Salt and sugar are the two major parts of the sure. Sugar for a little sweetness and flavor and salt for the same. The salt is also going to draw moisture out of the salmon. Make sure to use kosher salt. Iodized, or table salt, is too salty. Normally the salt to sugar ratio is higher compared to this recipe, but because of the bourbon and extra seasoning being added, we are reducing the amount of sugar.
The idea of the curing process to press the salt and other seasonings into the meat. We’re going to do this by wrapping the seasoned fish with plastic wrap, and then by pressing it down with a weight on top.
In a baking dish, lay plastic wrap in the bottom and spread out the cure along with some of the bourbon. Place the fish in the pan and top the fish with more cure. Wrap the fish as tightly as possible as plastic wrap. Place another baking dish on top of the fish to press. There should be 1-2 lb of weight on top of the salmon. (If you have a vacuum sealer, use it instead of wrapping in plastic wrap)
The waiting game:
Now that the cure has been applied and the salmon is wrapped, place it in the fridge. The curing process will take a few days. Allow 24-36 hours for a medium cure, and 48 up to 72 hours for a hard cure. During this time, flip the salmon every 12 hours to allow the flavors and salt cure to evenly distribute throughout the fish. A medium cure will have a softer texture and have a milder flavor. A hard cure will result in a stiffer salmon, and will also be saltier. I like using a hard cure on my salmon because cured salmon is supposed to be salty. This way when you eat it later, you won’t need to add any extra seasoning.
When the salmon has cured, its time to take off the extra seasoning and salt that did not get absorbed into the flesh. Simply rinse the fish under cold water. Then pat the meat dry as best you can with paper towel. If time allows, place the cured salmon back in the fridge unwrapped for a few hours. Think of this as a resting time similar to when cooking a steak. The salt and other flavors will distribute more evenly with this process. This surface will dry out a little more as well.

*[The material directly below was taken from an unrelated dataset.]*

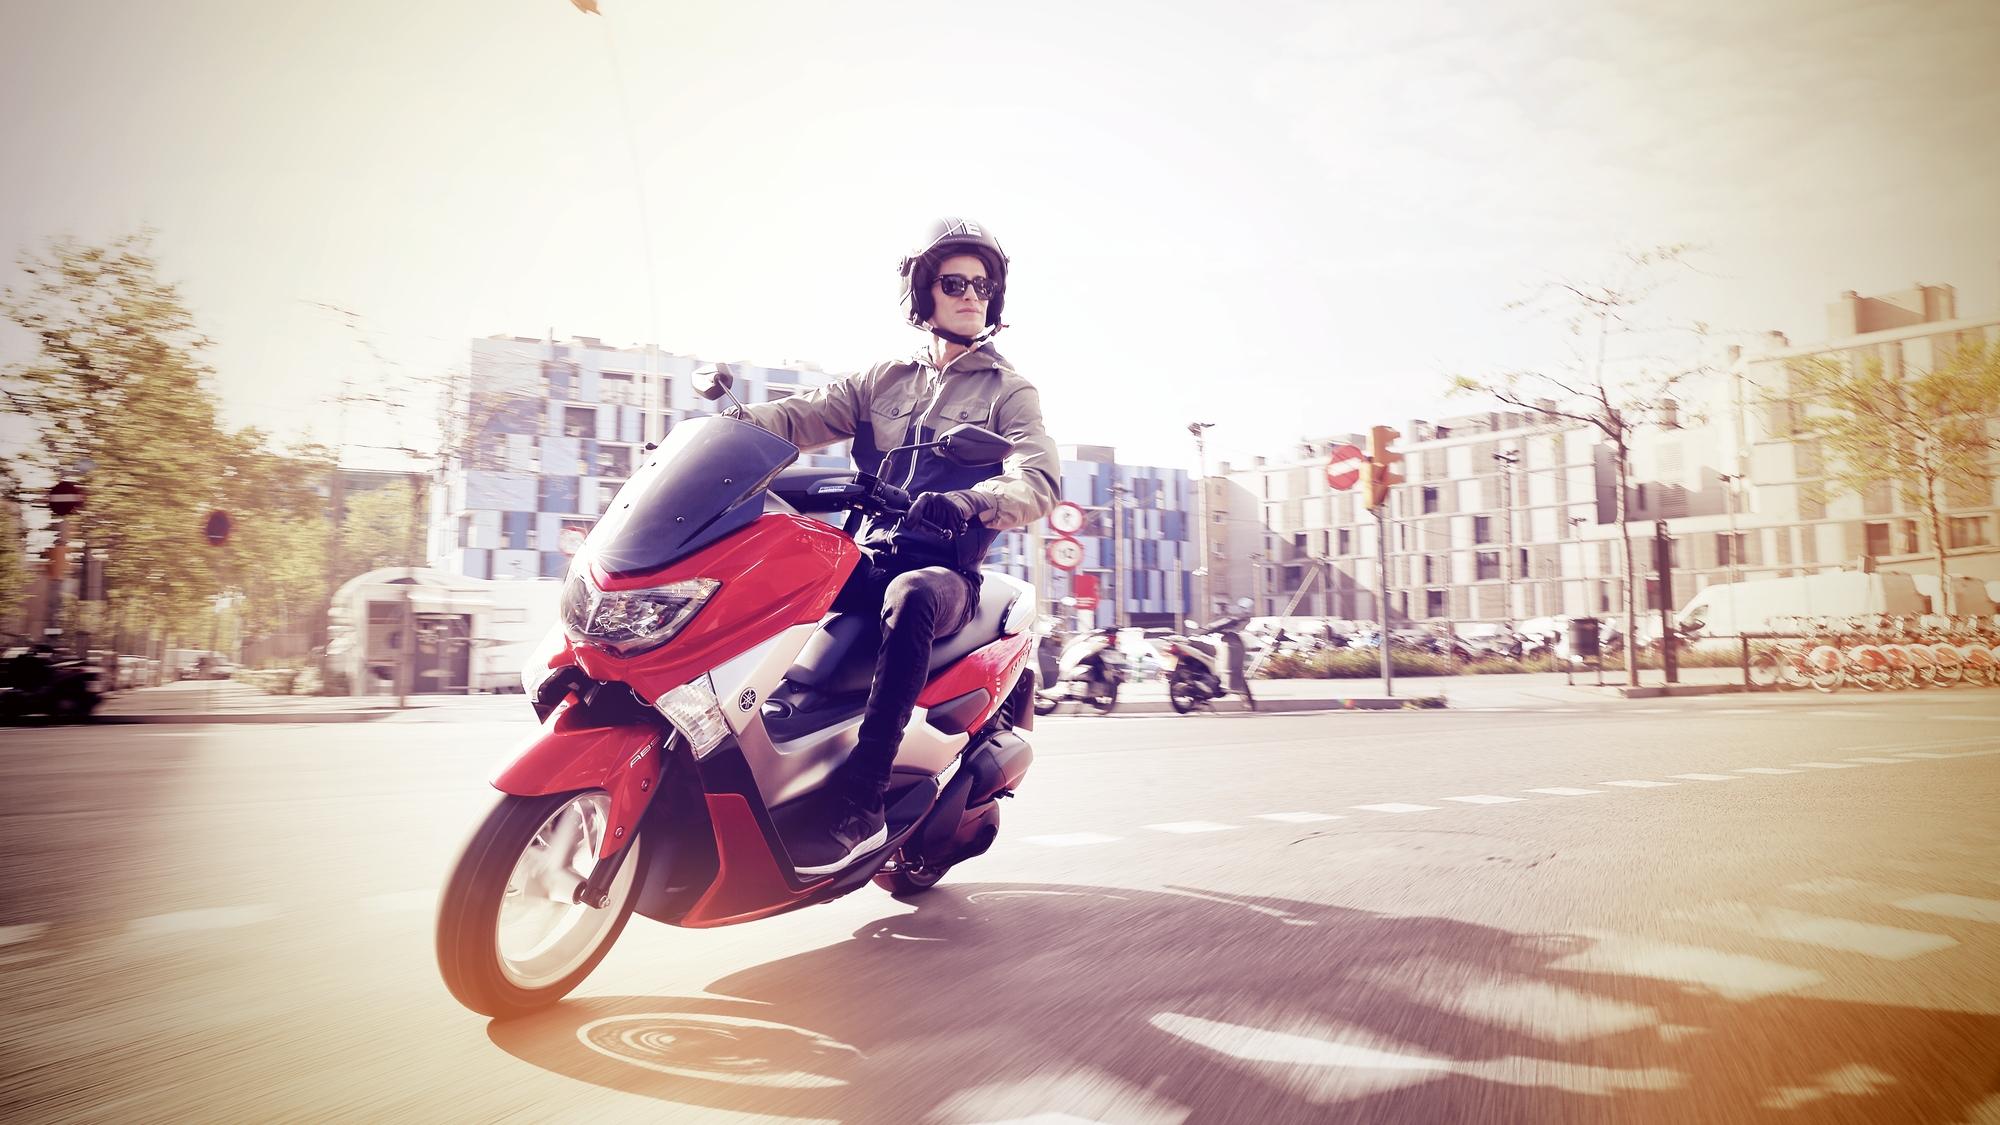 2015 Yamaha G125YM EU Power Red Action 002 - Yamaha NMAX

Days after the process started, it’s now time to enjoy the cured salmon. Using a very sharp knife, slice the salmon against the grain of the flesh, as thin as possible. Big hunks of cured salmon are not desirable and the thin slices are still packed with flavor. Serve your salmon with all the classic fixins. Cocktail bread or bagels, capers, dill and of course, a few lemon wedges.
Bourbon Cured Salmon Gravlax
Reel it on in! This Bourbon Cured Salmon is a 3-day process leaving you with a plate full of rich, meaty, peppery bites of delicious gravlax.
2 Lb Center Cut Salmon Filet
1/4 Cup or 1 Jar
1 Cup Kosher Salt
1/4 Cup Sugar, Granulated
Lay out saran wrap in a casserole dish.
Add half of the cure ingredients to the pan and place the fish on top.
Add remaining cure ingredients to the top of the fish.
Wrap the saran wrap tightly around the fish and add more sheet to make sure that it is well sealed.
Leave the fish in the baking dish and place a press on top. This press will stay on top throughout the curing process.
Refrigerate for 72 hours (3 days). Flip the salmon every 24 hours.
Remove the saran wrap and, under cold water, rinse the remaining salt and seasonings off the fish. Pat it dry with paper towel.
Slice very thin and serve with bagels and cream cheese or a cheese plate.